FAYETTEVILLE -- Development of a youth sports complex on the northern side of town cleared an initial hurdle Monday.
Planning Commissioners voted 8-0 to approve a conditional land use permit for JJ's Sports Complex, a proposed youth sports training facility for baseball, basketball, strength and agility.
The complex is planned on about 4 acres of agricultural land southeast of Van Asche Drive and Interstate 49 near the Johnson border. The property sits about a mile west of JJ's Live and is owned by Jody Thornton, owner of a number of JJ's restaurants in the region.

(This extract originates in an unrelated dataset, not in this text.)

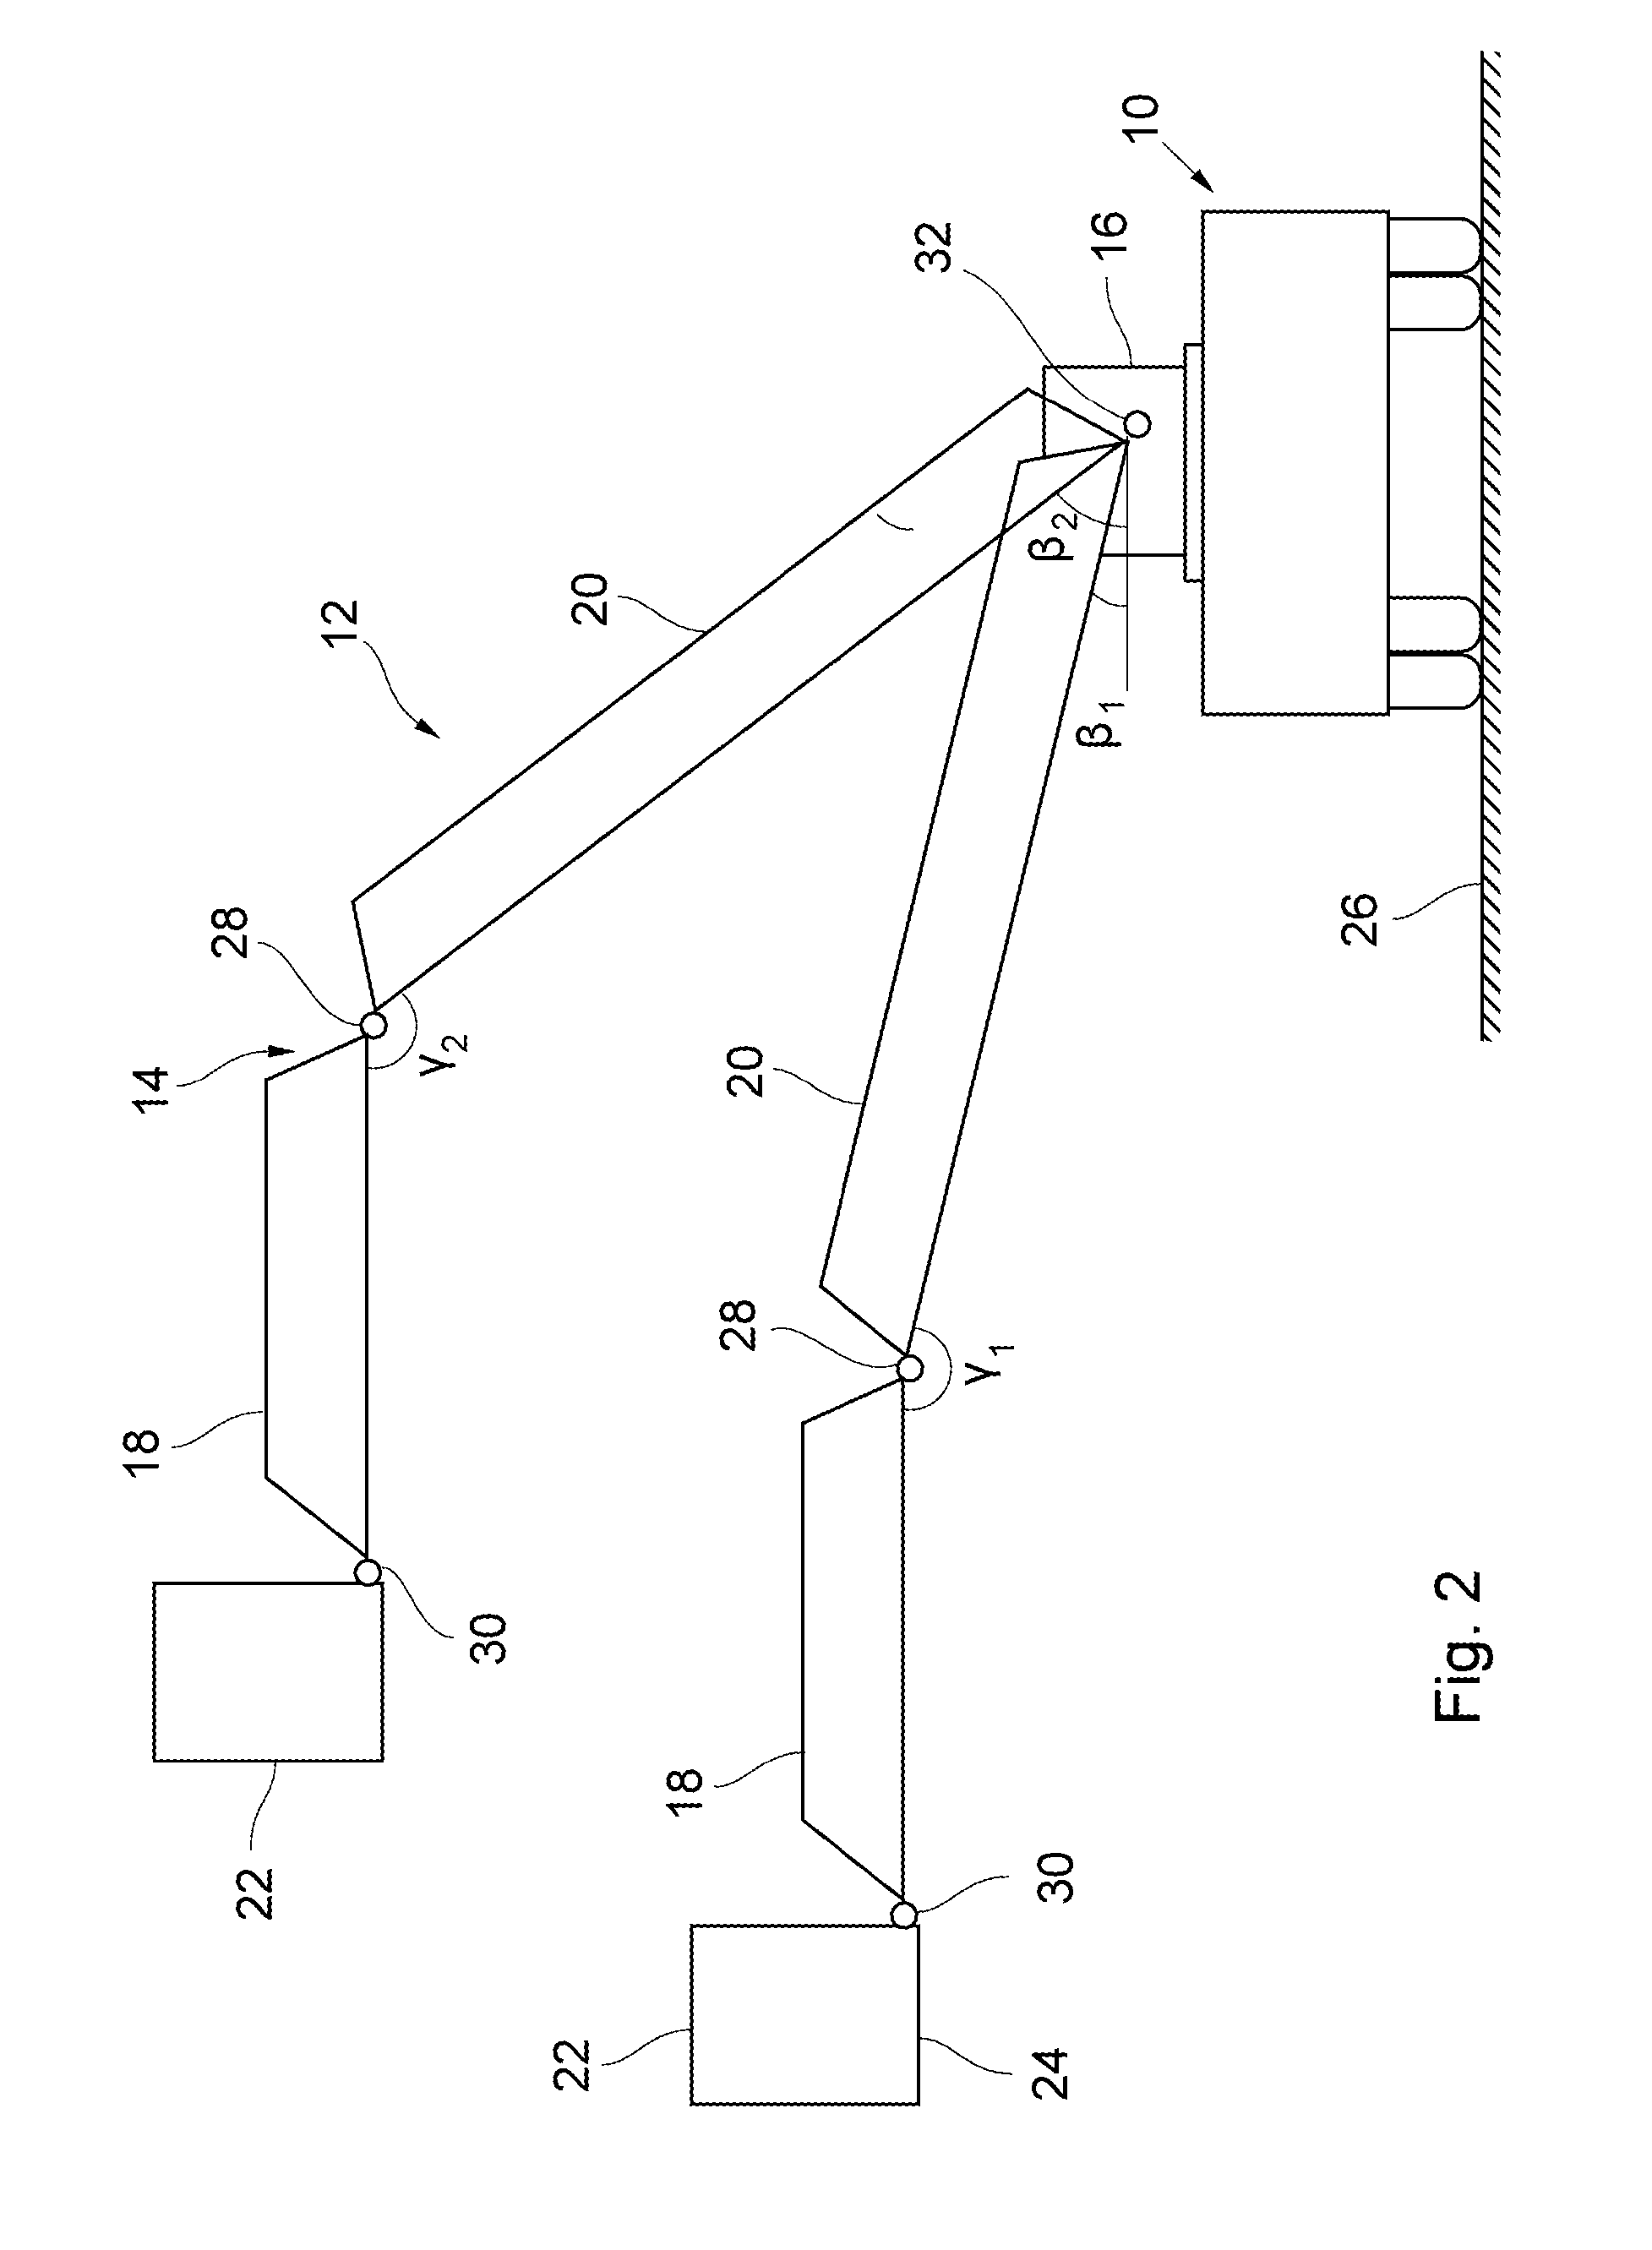 Method for controlling an articulated turntable ladder of a rescue vehicle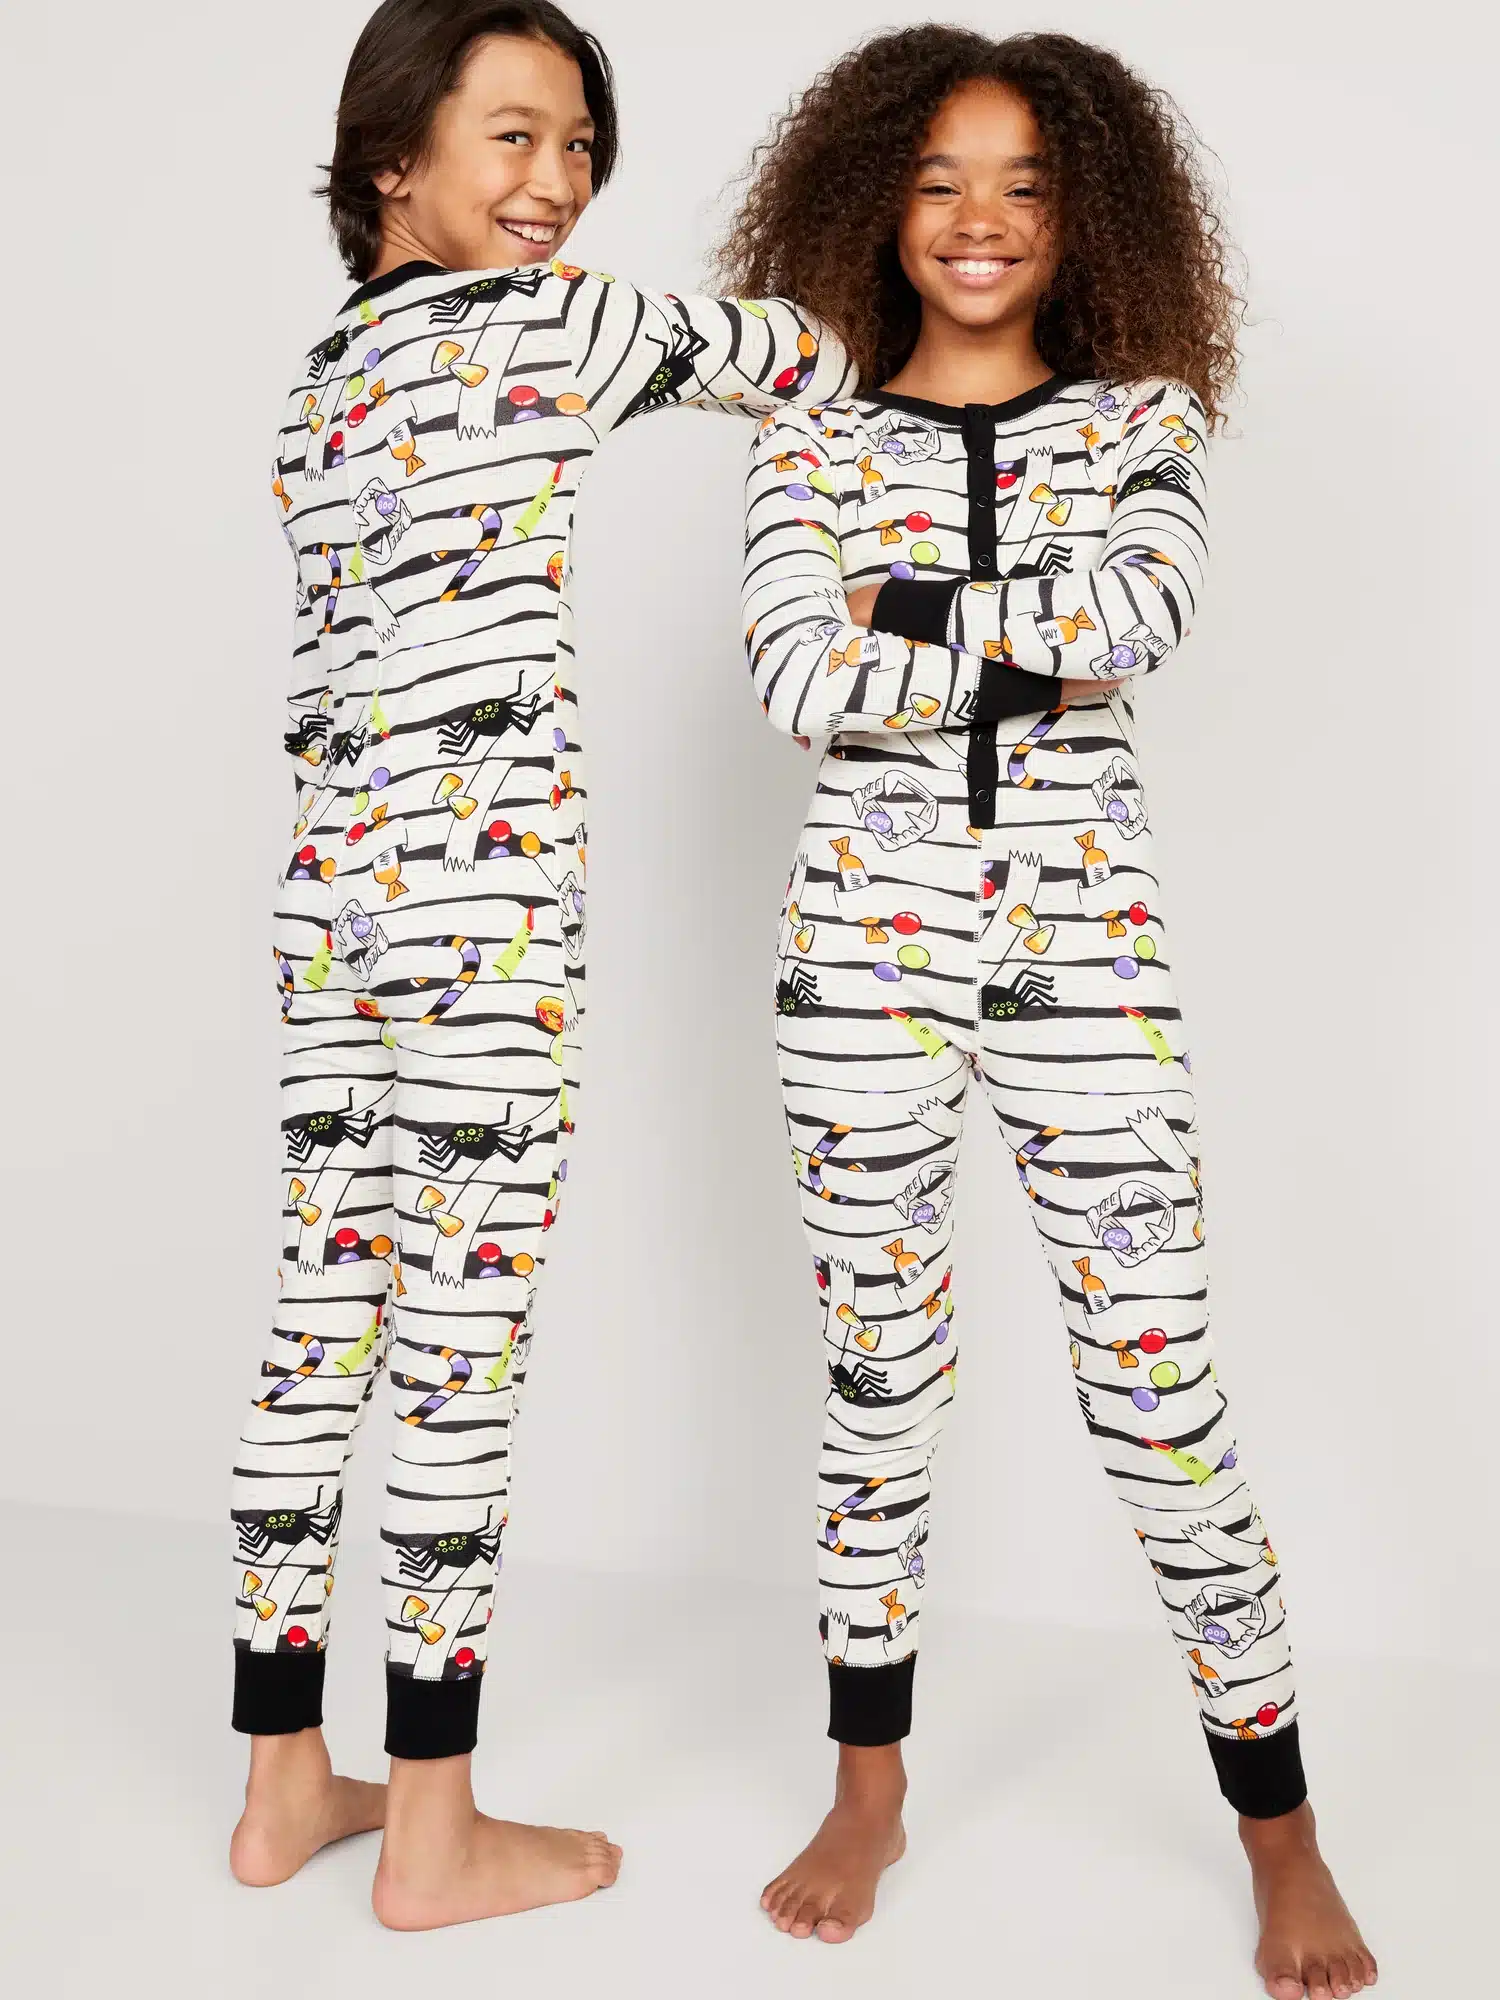 Gender-Neutral Matching Snug-Fit One-Piece Pajamas for Kids

In a letter to city planners, Blake Jorgensen with Jorgensen + Associates, the engineering firm on the project, said the sports complex seeks to become Northwest Arkansas' hub for competitive sports training for athletes of all ages. The plan is to have five separate buildings comprising the complex, according to city documents.
The largest building would be a 15,400-square-foot basketball training facility with a full-sized basketball court, workout area, 360-degree shooting cages and passing stations. Two 9,900-square-foot and one 4,000-square-foot baseball training facilities would include an indoor practice field, batting cages and pitching cages. A fifth 9,900-square-foot building would serve as a ninja park with agility courses.
A conceptual plan of the complex was provided to planners. City staff cited potential issues with the way driveways were shown on the property, but those specifics would be addressed at a later stage of the development process.
Jorgensen presented the proposal to the commission and said the development team would address any outstanding issues. He said the final plans will be more advanced than what the commission saw Monday.
The complex will serve a need for many parents who hire former college players to train their children, Jorgensen said.
Commissioner Andrew Brink said several new residences are in development in the area and the proposal seemed compatible with its surroundings.
Commissioner Matt Johnson said he didn't love the proposed design of the buildings or their placement but praised the opportunity for amenities in a growing part of town.
The original request was to set operating hours at 11 a.m. to 9 p.m. daily with 20 employees. The commission decided to allow operating hours to begin earlier at 5 a.m. and remove the set number of employees.
In other business, the commission voted 8-0 to forward to the City Council a rezoning request for two properties totaling 7.7 acres on the east and west sides of Bob Youngkin Drive, east of Gregg Avenue and Drake Street. Both properties are zoned for residential and office use. The west side property would be rezoned for community services while the east side property would be rezoned for residential multifamily up to 24 units an acre. The City Council will have final say on the request.
Tim Brisiel with Legacy Ventures presented the request to the commission and said the plan was to build multifamily residential units for residents 55 and older. The proposed project would provide a variety of housing options for older residents close to Washington Regional Medical Center and other medical facilities in the area, he said.
Six neighbors from a nearby subdivision expressed concerns about the rezoning, citing potential issues with traffic and drainage.
Commission Chairwoman Sarah Sparkman said she lives in the area and the potential addition of walkable community services could be a benefit to the neighborhood.
Fayetteville’s Planning Commission met Monday and approved:
• Rezoning half an acre at the southwest corner of Old Farmington and One Mile roads from residential single-family up to 4 units an acre to allowing up to 18 units an acre. The City Council will have final say on the request.
• A variance to city code for the placement of street trees installed in front of a townhome development on Hill Avenue downtown.